WORK TASK> The reply should reproduce every line of the data below word for word, minus any images.

DATA SHOWN>
-- Opening Marker --

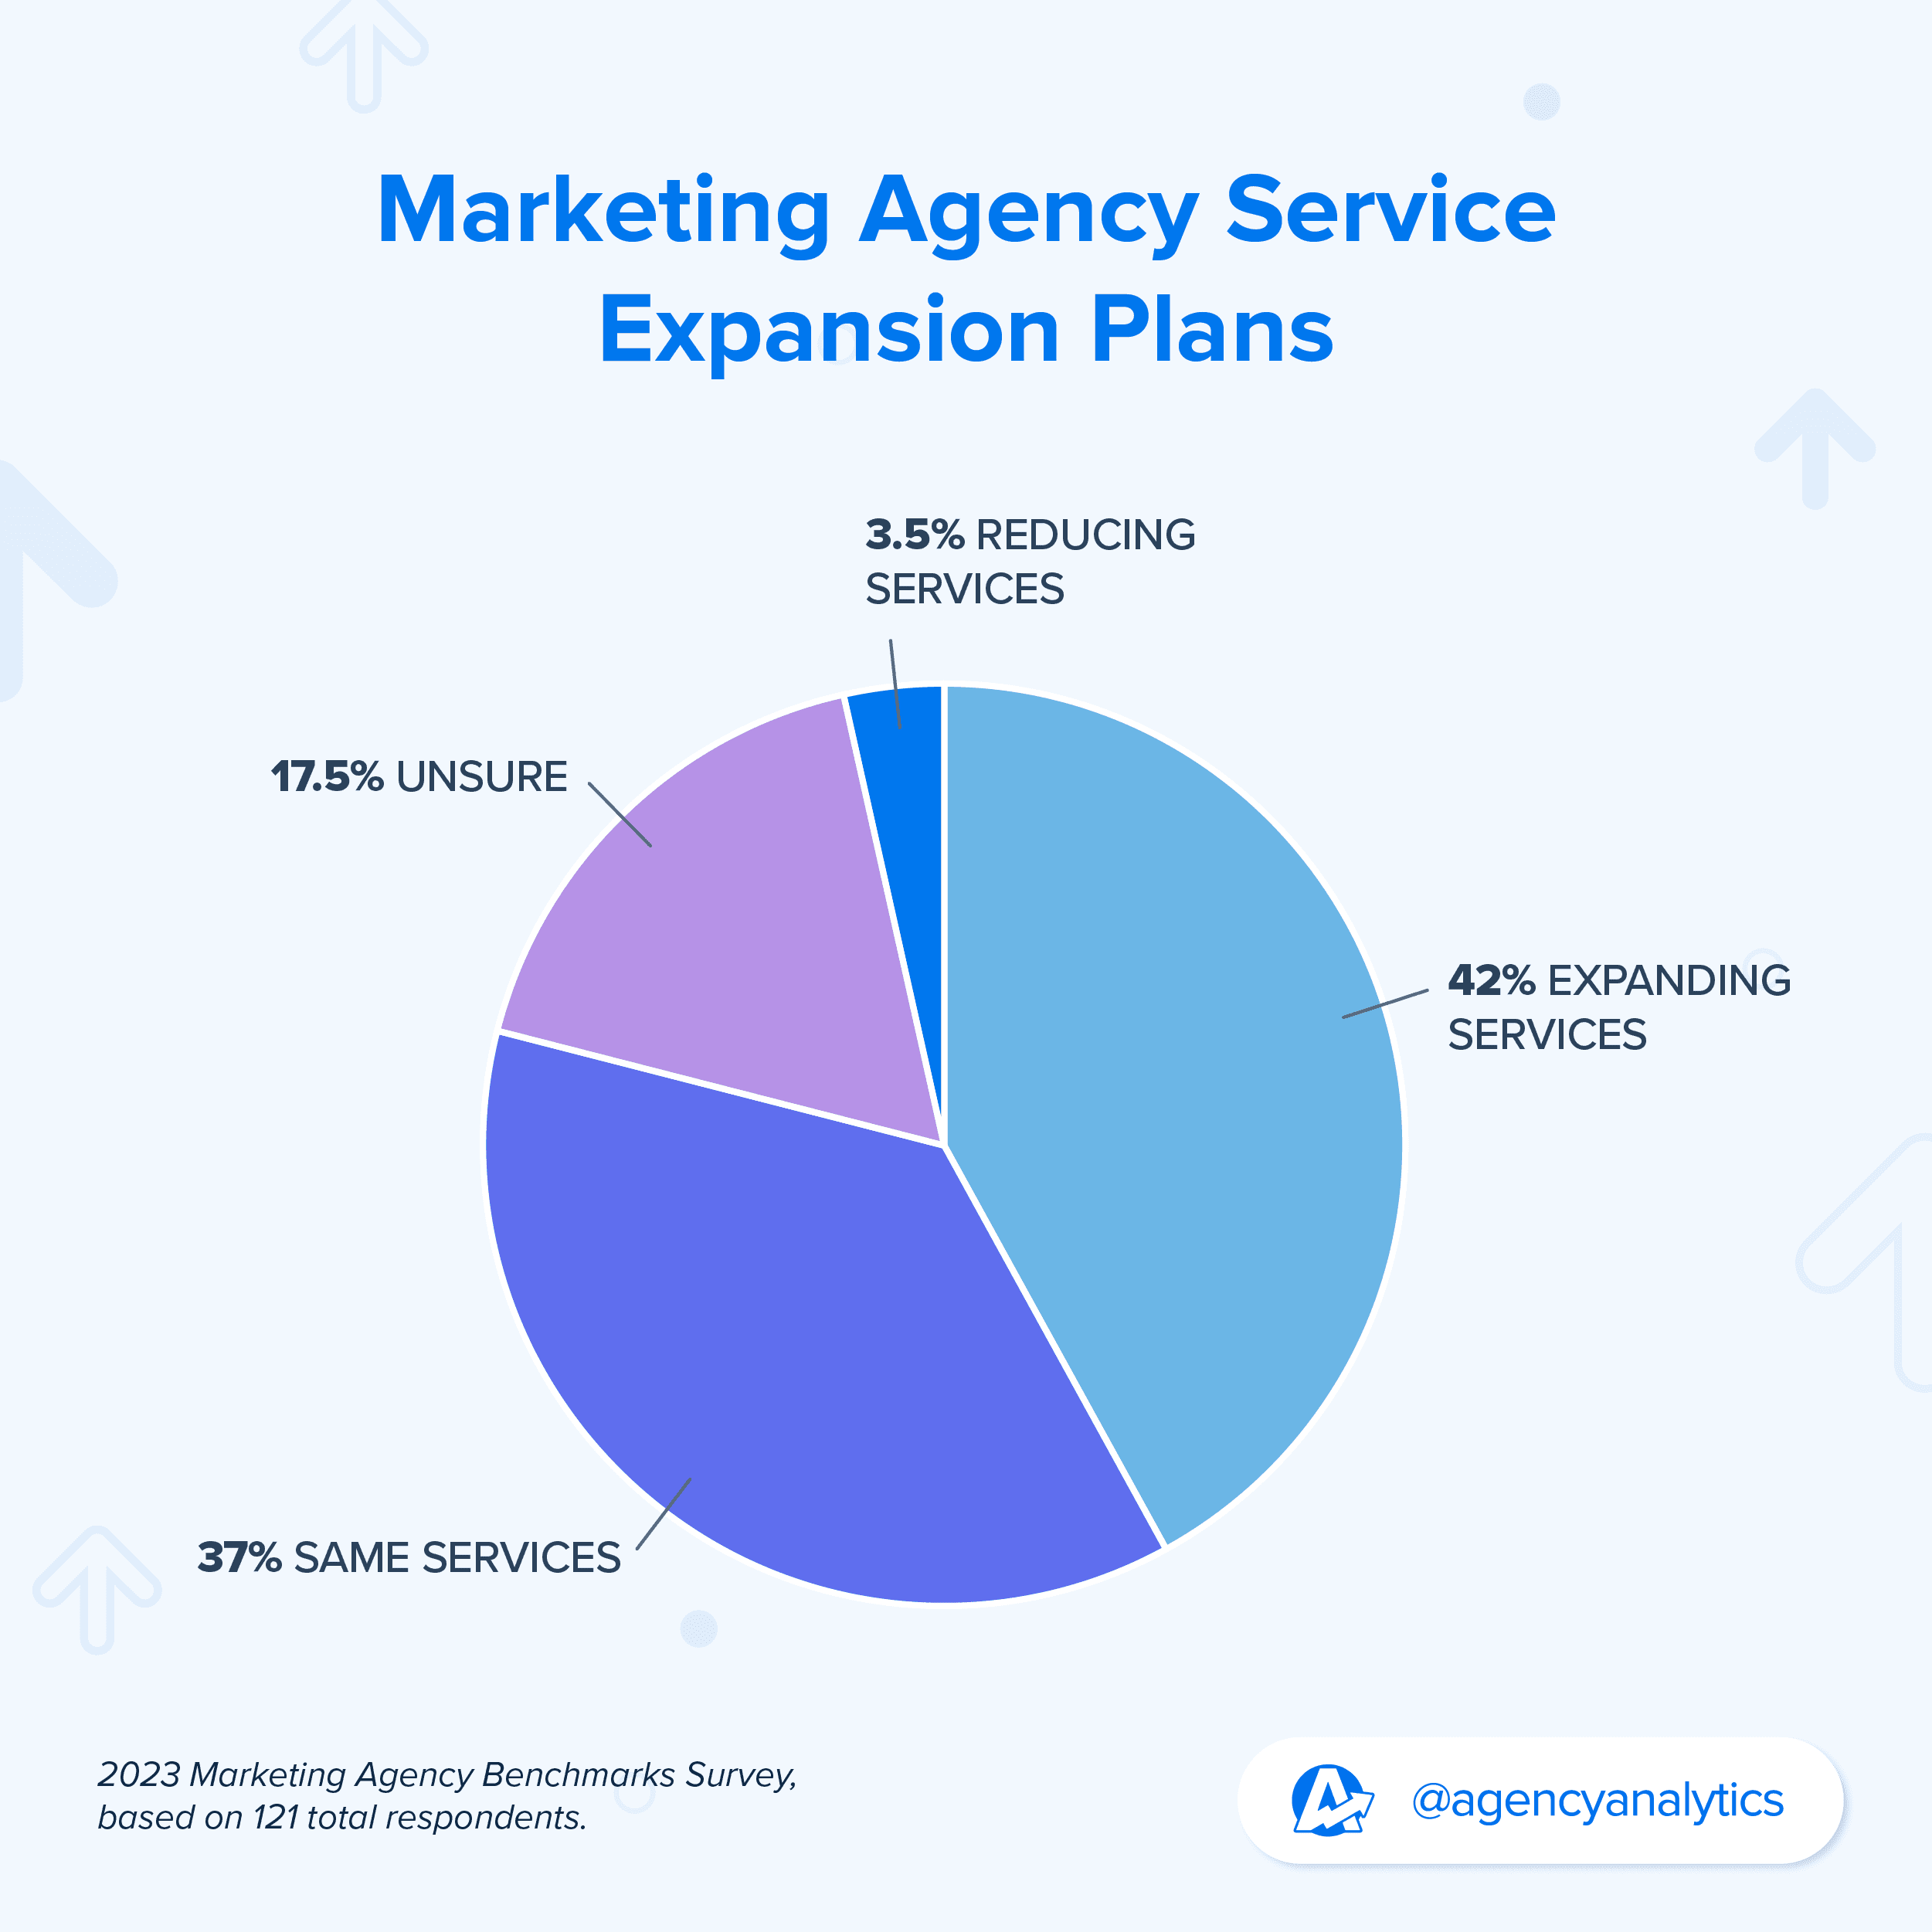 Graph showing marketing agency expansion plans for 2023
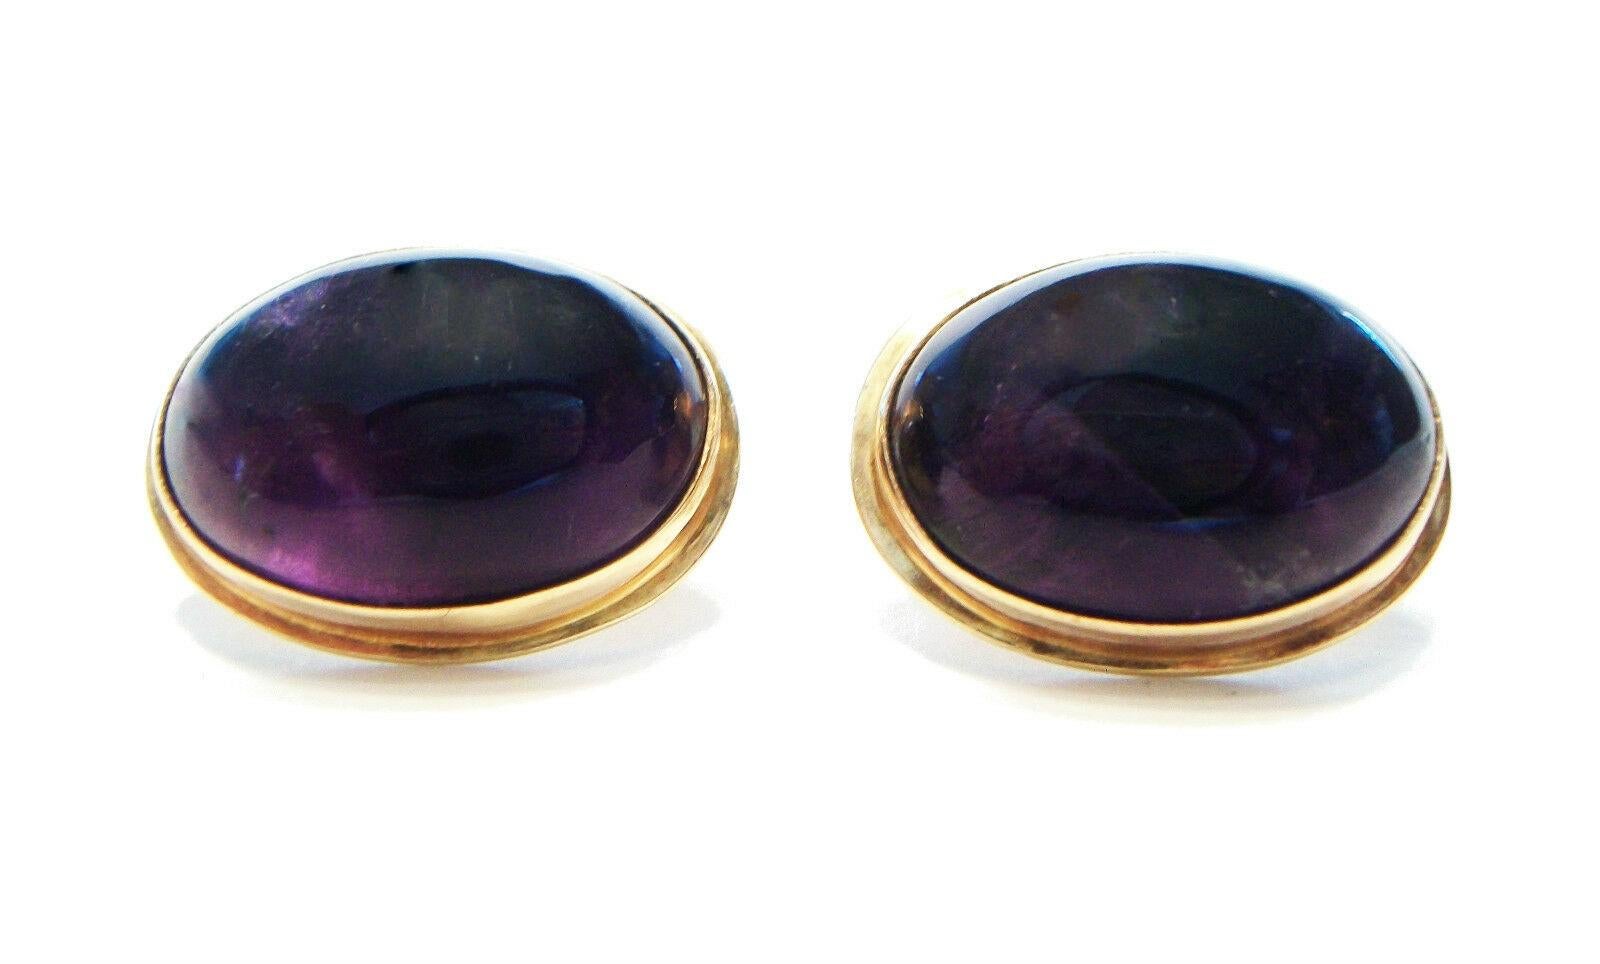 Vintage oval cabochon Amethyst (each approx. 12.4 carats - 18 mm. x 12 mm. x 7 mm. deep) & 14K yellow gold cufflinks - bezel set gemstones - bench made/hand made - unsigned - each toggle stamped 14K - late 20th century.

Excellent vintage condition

-- Closing Marker --

YOUR RESPONSE>
 Graph showing marketing agency expansion plans for 2023
 Vintage oval cabochon Amethyst (each approx. 12.4 carats - 18 mm. x 12 mm. x 7 mm. deep) & 14K yellow gold cufflinks - bezel set gemstones - bench made/hand made - unsigned - each toggle stamped 14K - late 20th century.

Excellent vintage condition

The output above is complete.